[INFORMATION PROVIDED]

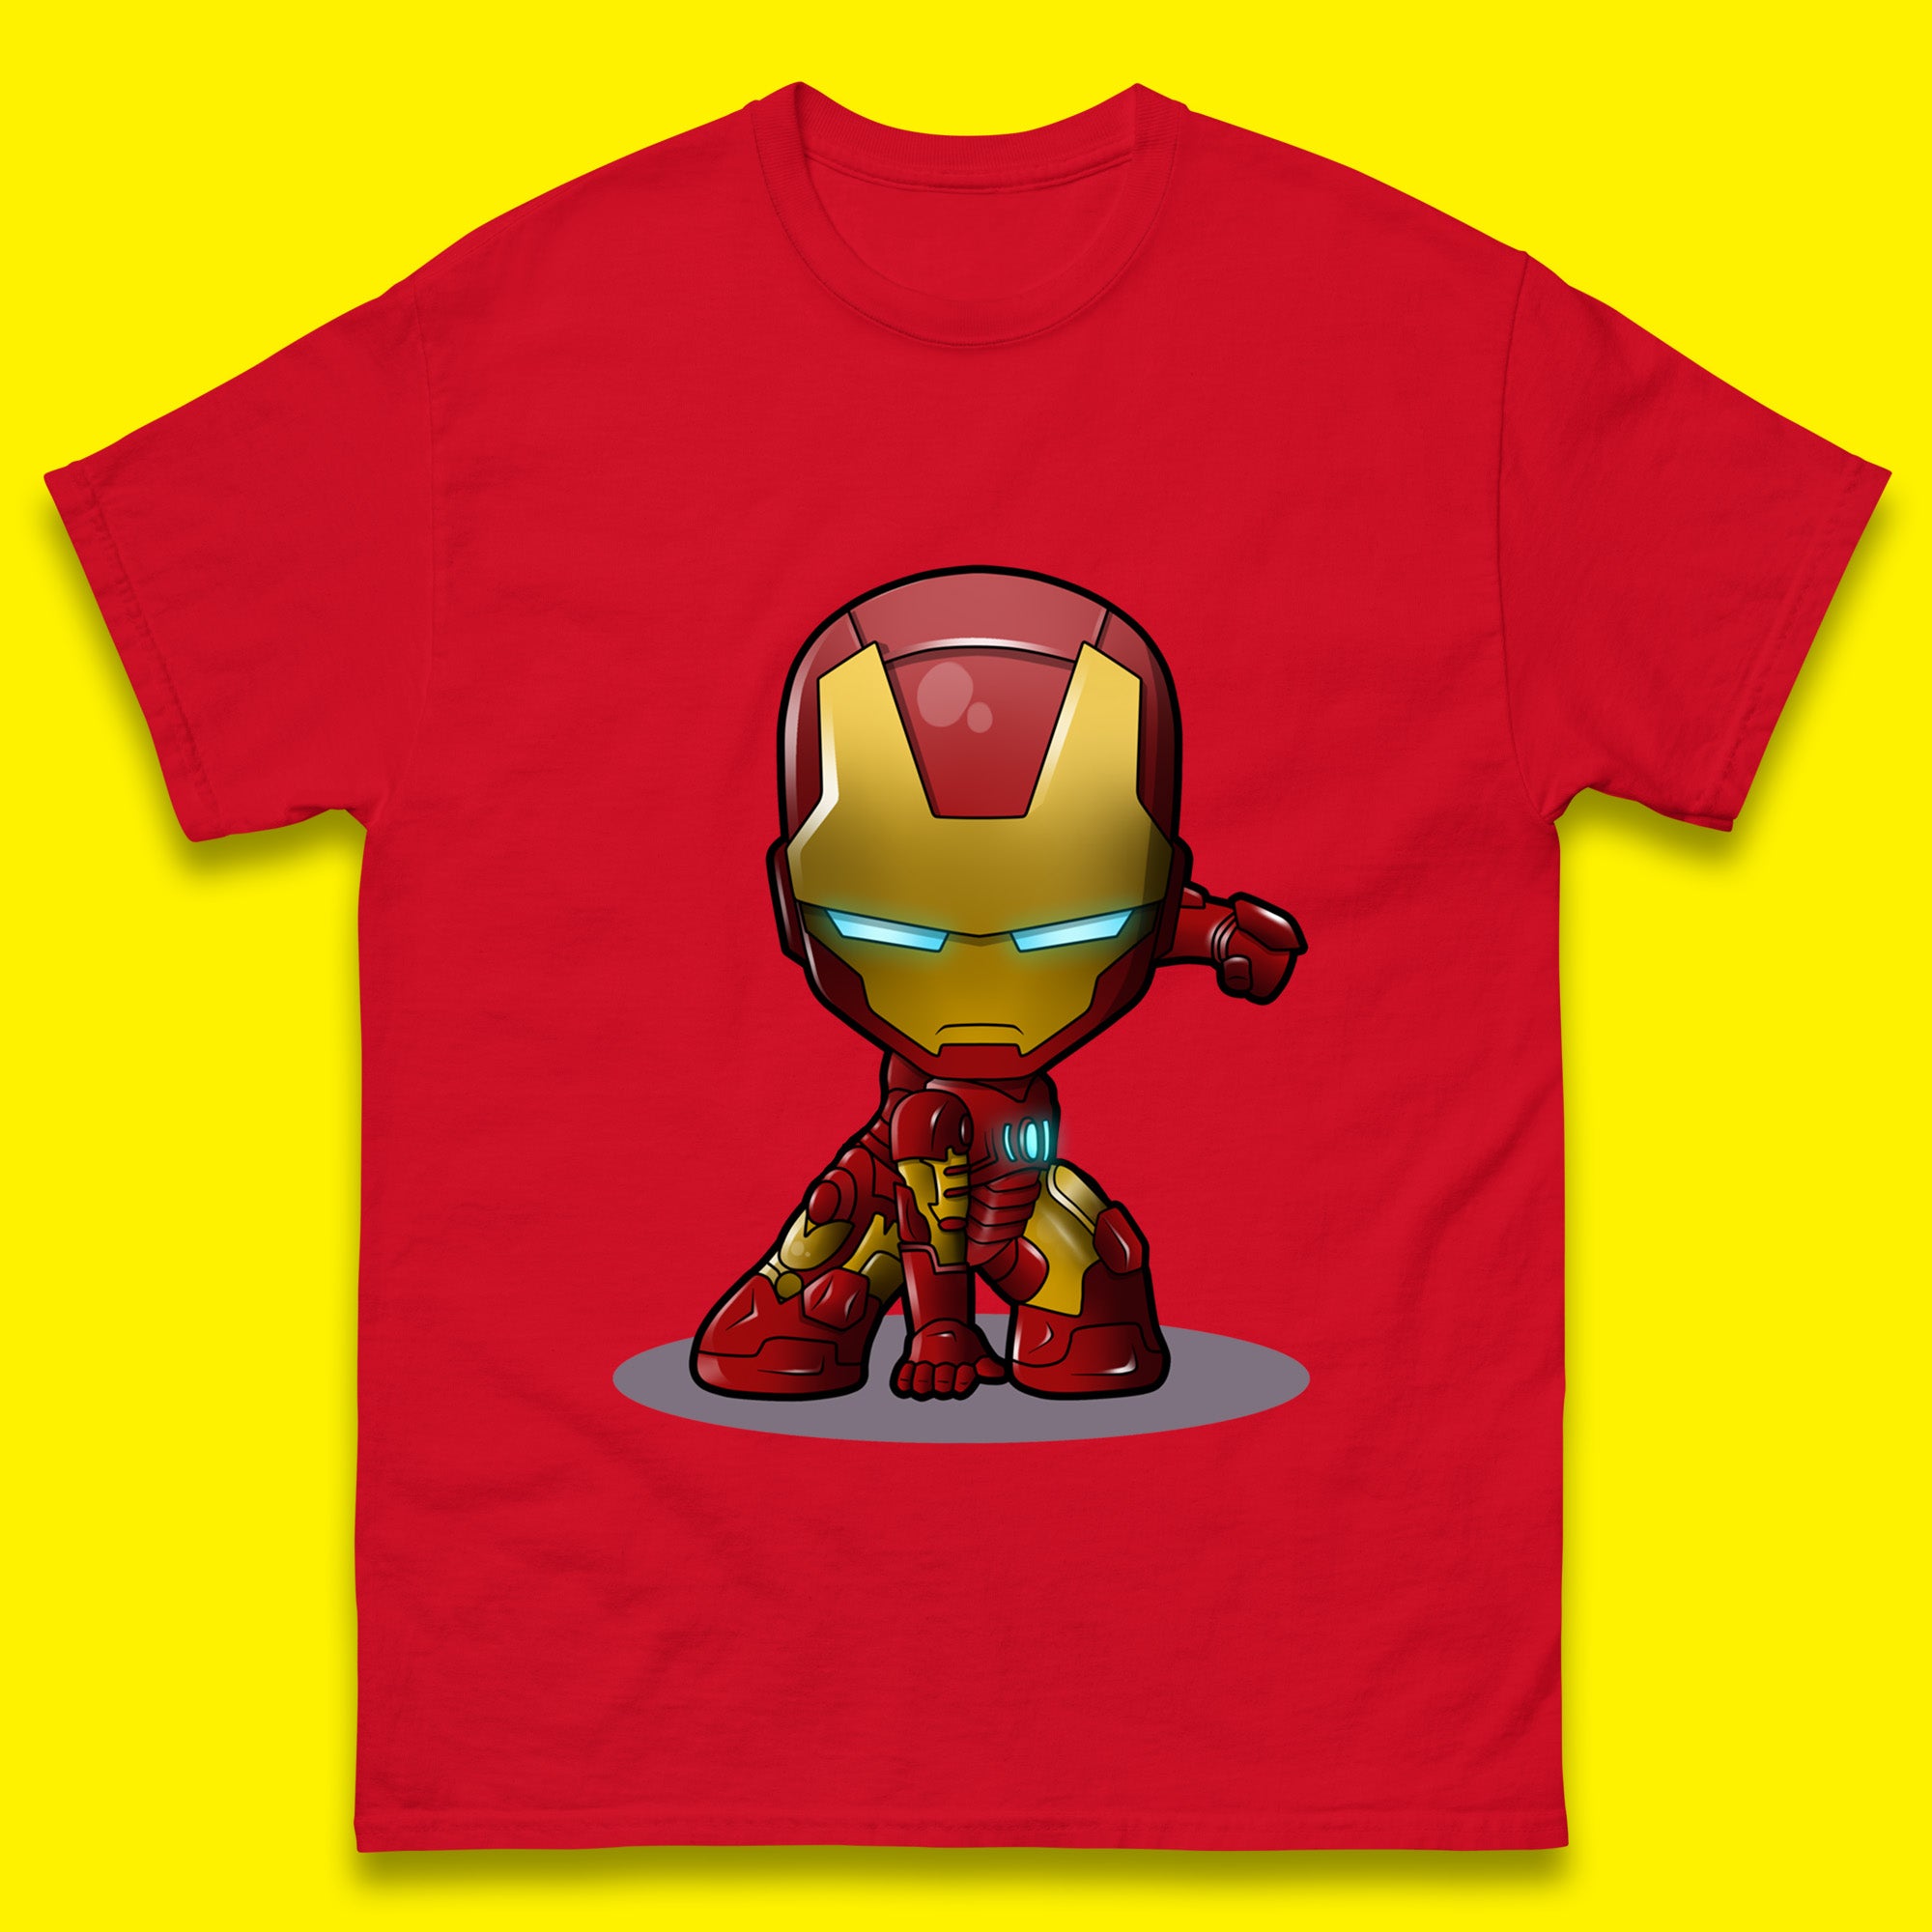 Marvel Avenger Iron Man Movie Character Ironman Costume Superhero Marvel Comics Mens Tee Top
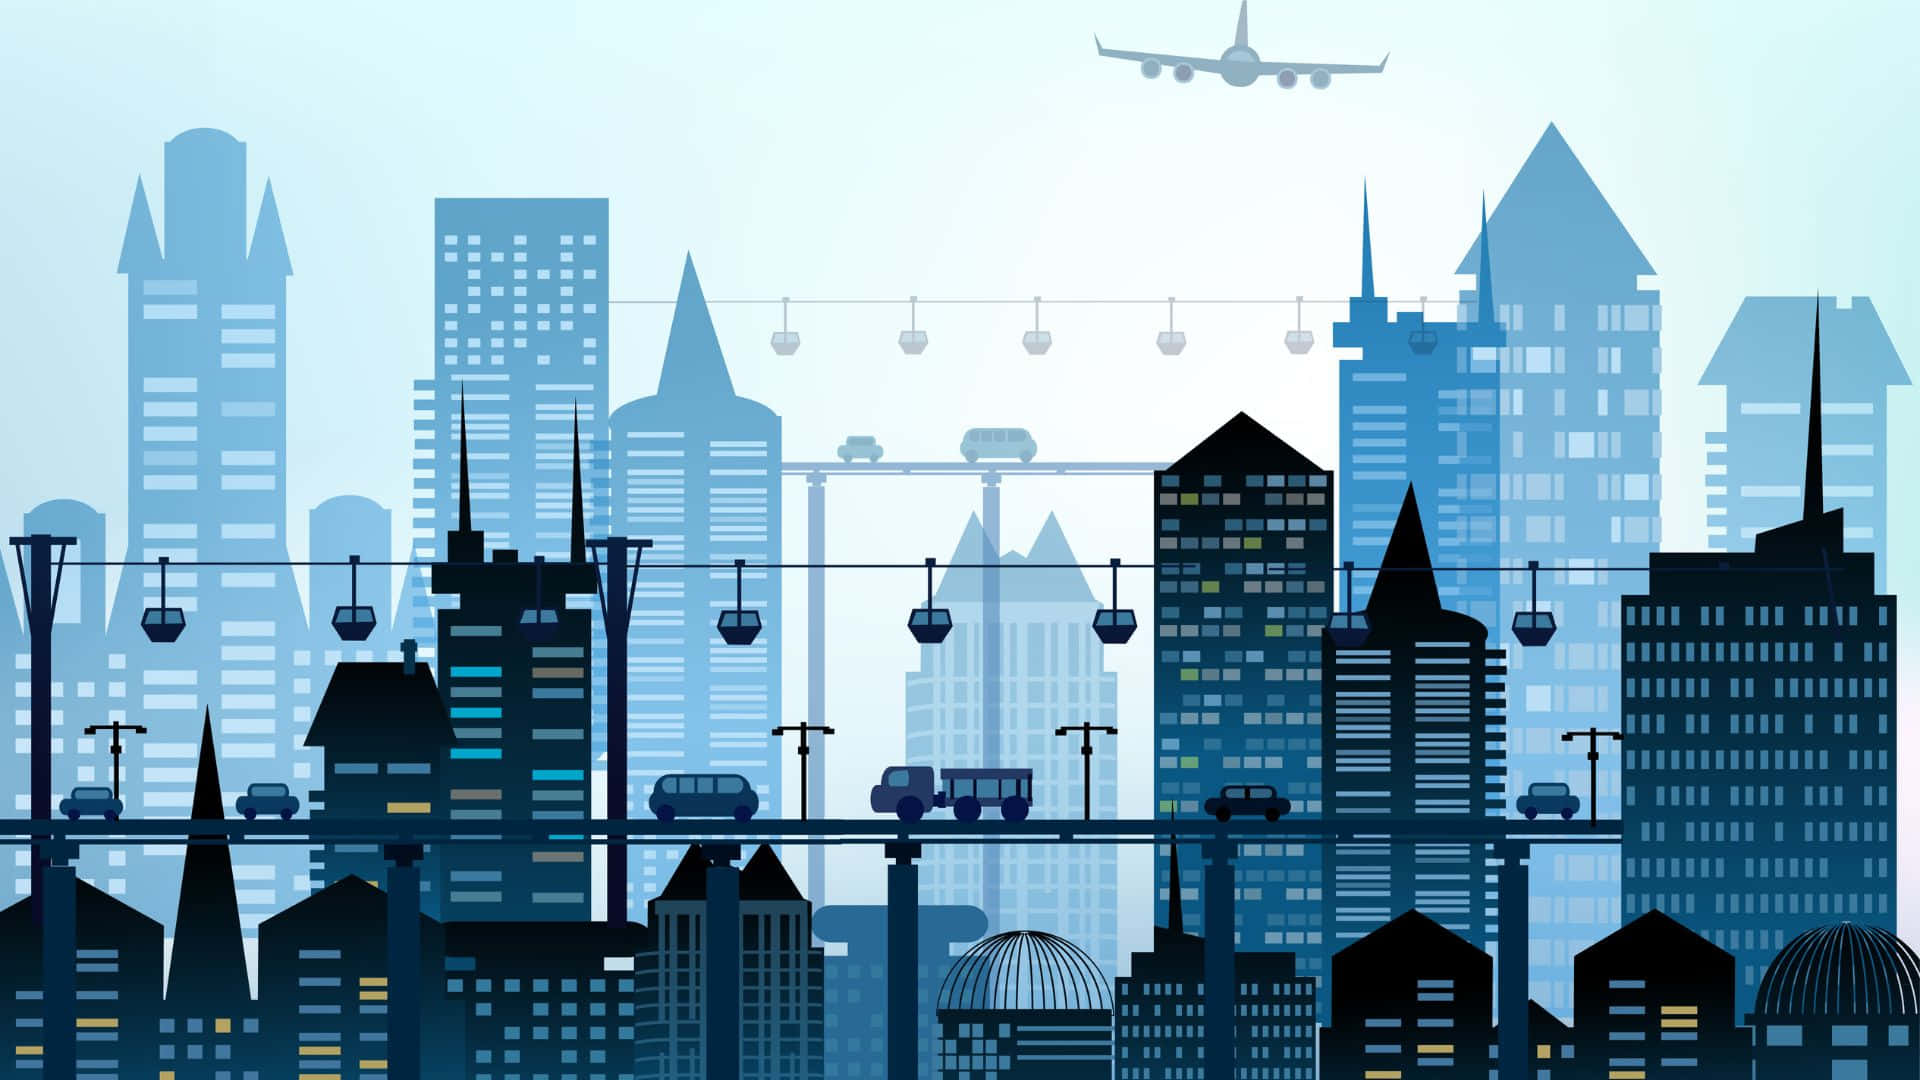 City Buildings Vector Illustration
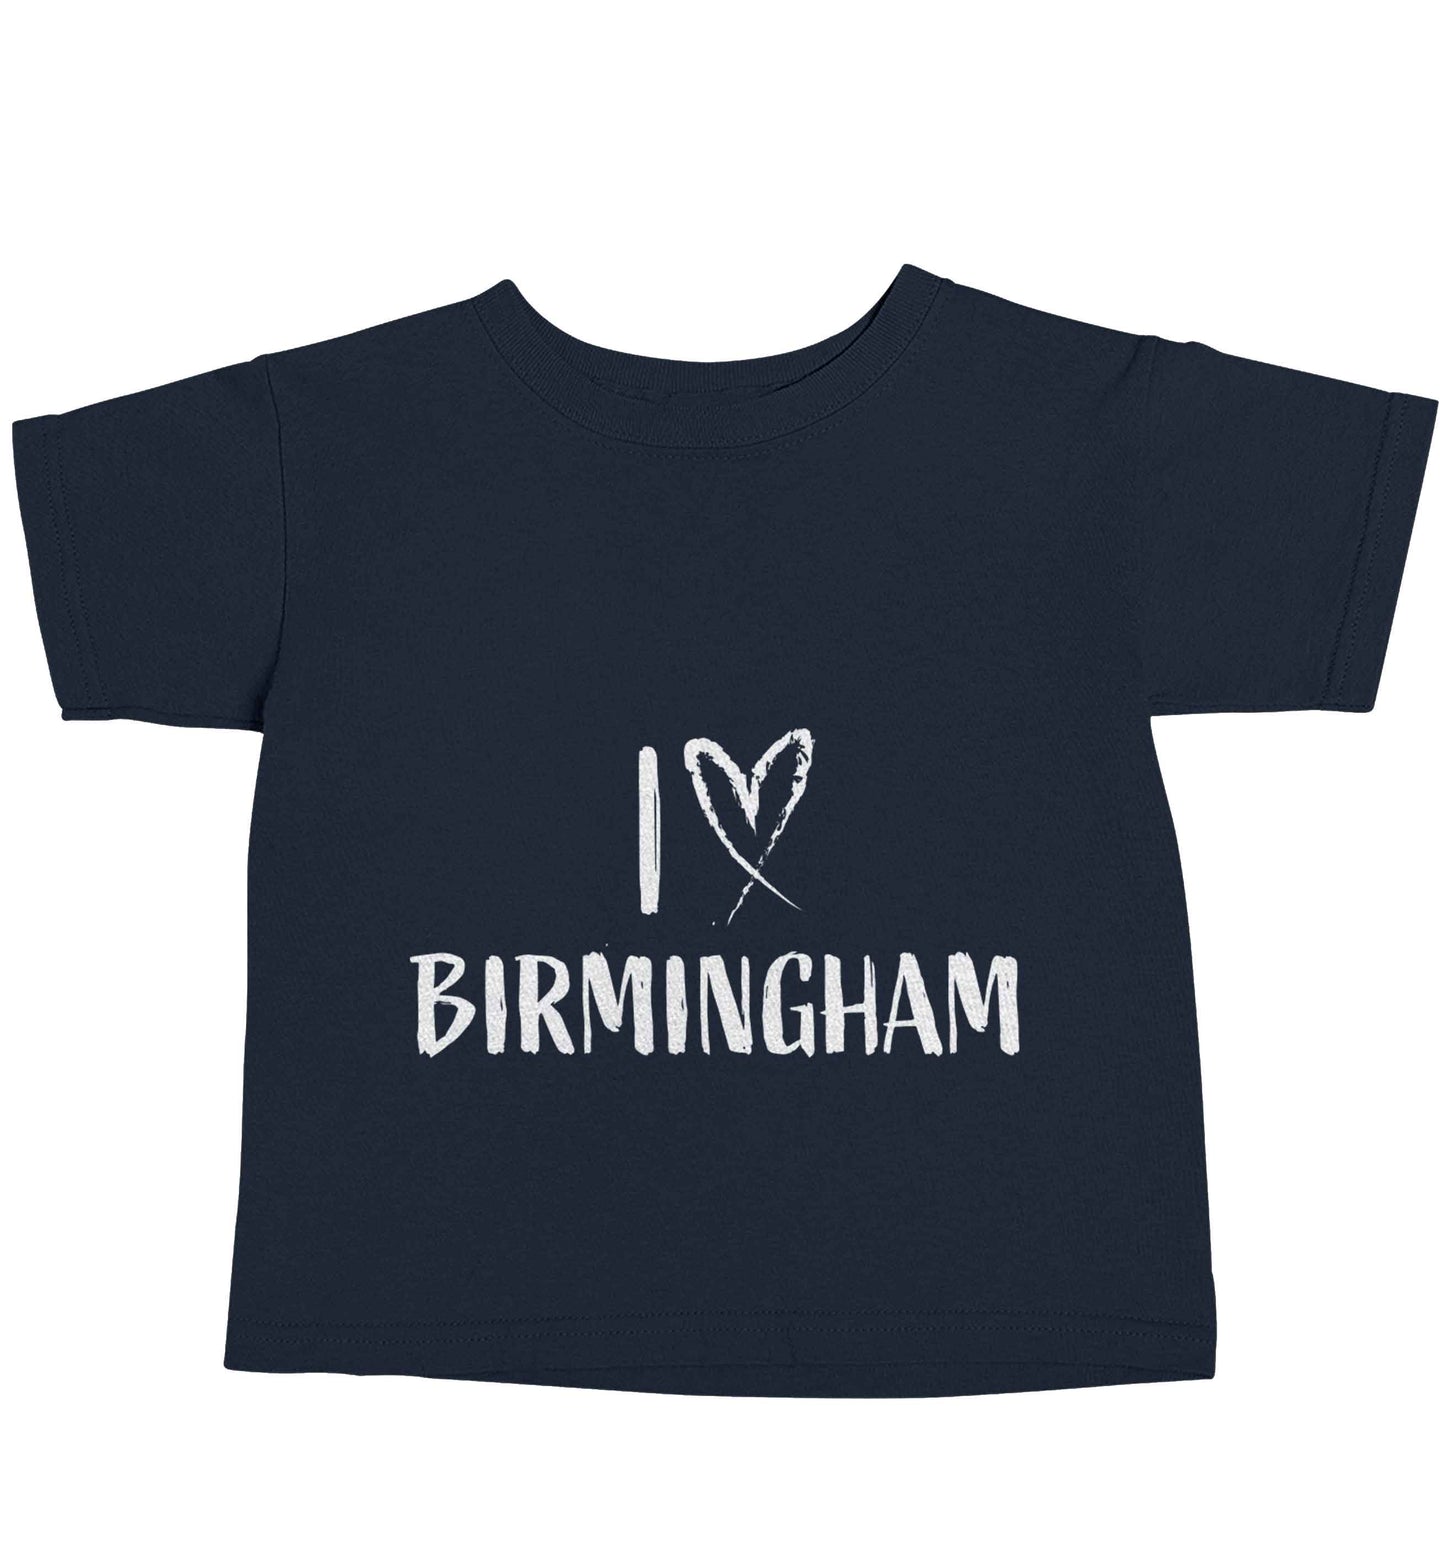 I love Birmingham navy baby toddler Tshirt 2 Years

[/INFORMATION PROVIDED]

ASSIGNED TASK> Leave out the pictures, then return every line of the data exactly.

EXERCISE RESPONSE>
 Marvel Avenger Iron Man Movie Character Ironman Costume Superhero Marvel Comics Mens Tee Top
 City Buildings Vector Illustration
 I love Birmingham navy baby toddler Tshirt 2 Years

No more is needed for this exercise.